Methods: We used hair specimens from pregnant women who were dual users (ENDS and cigarettes), smokers, and non-smokers from a prospective cohort study to estimate exposure to nicotine, cotinine, and TSNAs. The exposure biomarkers and self-reports of smoking and ENDS use were used in log-binomial regression models to estimate risk ratios (RRs) for SGA among offspring.
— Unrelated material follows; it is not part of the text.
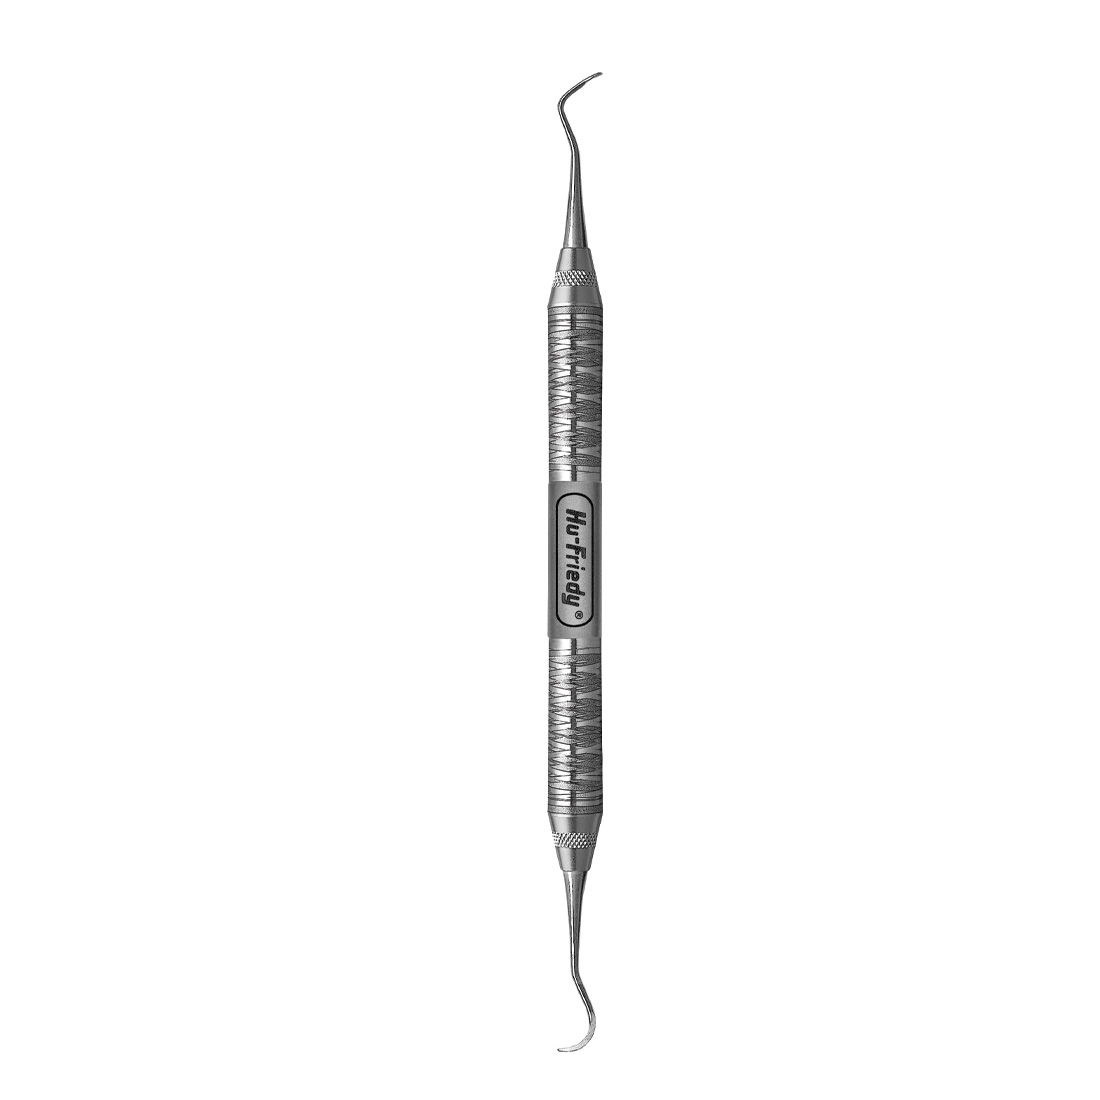 Scaler Nevi #1 Anterior Double Ended #6 Satin Steel Handle

Results: Nicotine concentrations for pregnant dual users were not significantly different from those for smokers (11.0 and 10.6 ng/mg hair, respectively; p=0.58). Similarly, levels of cotinine, and TSNAs for pregnant dual users were not lower than those for smokers. The RR for SGA was similar for dual users and smokers relative to nonsmokers, (RR=3.5, 95% CI: 0.8-14.8) and (RR=3.3, 95% CI: 0.9-11.6), respectively. Using self-reports confirmed by hair nicotine, the RR values for dual ENDS users and smokers were 8.3 (95% CI: 1.0-69.1) and 7.3 (95% CI:1.0-59.0), respectively.

Conclusions: We did not observe lower levels of nicotine, cotinine, and TSNAs for current dual users compared to smokers during pregnancy. The risk of SGA for offspring of pregnant dual users was similar to that for offspring of pregnant smokers. Future studies are needed to further estimate the magnitude of the association between ENDS use and smallness for gestational age.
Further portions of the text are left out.